Better support for byte arrays #228

ChrisJollyAU · 2024-03-06T16:38:27Z

Fixes some long-standing issues with byte arrays

Use the correct function to get the length of the data
Getting the specific index in a byte array now works

Some comments

Contains still doesn't work
LENB seems to only work properly if column is a longbinary. If has a max length set column type becomes varbinary(5) (if length is 5). In this case the return value is 6. Is this a length+1 or the closest multiple of 2 (because double byte char set as LEN returns 3)

ChrisJollyAU · 2024-03-07T13:57:35Z

Update: for varbinary column LENB is always in multiples of 2, because the normal LEN is unicode or 2 byte chars

@lauxjpn Any thoughts on this?
Also, any thoughts on the contains tests with the byte arrays?

lauxjpn · 2024-03-07T17:48:40Z

@ChrisJollyAU Please post me some test names that demonstrate these issues, so I can tinker around with it.

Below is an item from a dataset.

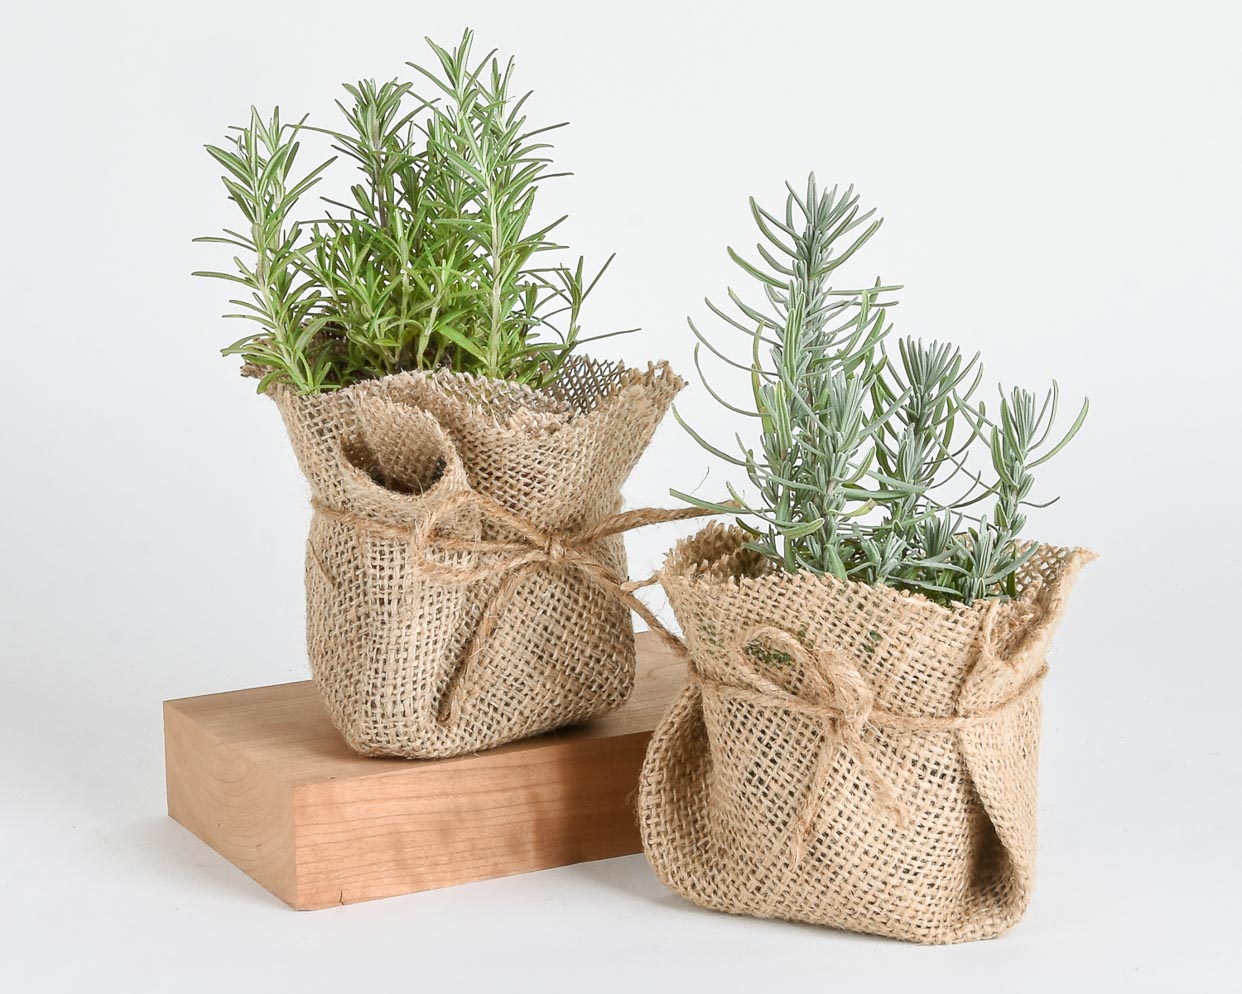 A Very Shippable Houseplant Holiday Gift Guide - Pistils Nursery

ChrisJollyAU · 2024-03-07T17:55:07Z

For the contains:
Byte_array_contains_literal
Byte_array_contains_parameter

For the one with length on varbinary
Byte_array_filter_by_length_literal_does_not_cast_on_varbinary_n

You can pretty much just filter on byte_array and its only those 2 types of problems that fail.
To keep things simple you can tinker around with them on the GearsOfWar test (not the TPH,TPC,TPT versions - they will probably come right at the same time)

lauxjpn · 2024-03-07T20:32:36Z

So, it is not pretty, but it seems to work to convert the binary data to a unicode string first and then to use normal string functions on it.

For example, for the Byte_array_contains_literal test case, this returns an incorrect result:

SELECT `s`.`Id`, `s`.`Banner`, `s`.`Banner5`, `s`.`InternalNumber`, `s`.`Name`
FROM `Squads` AS `s`
WHERE INSTR(1, `s`.`Banner`, 0x01, 0) > 0

But the result for this one is correct:

SELECT `s`.`Id`, `s`.`Banner`, `s`.`Banner5`, `s`.`InternalNumber`, `s`.`Name`
FROM `Squads` AS `s`
WHERE INSTR(1, STRCONV(`s`.`Banner`, 64), 0x01, 0) > 0

The docs state:

Remarks

When you're converting from a Byte array in ANSI format to a string, you should use the StrConv function. When you're converting from such an array in Unicode format, use an assignment statement.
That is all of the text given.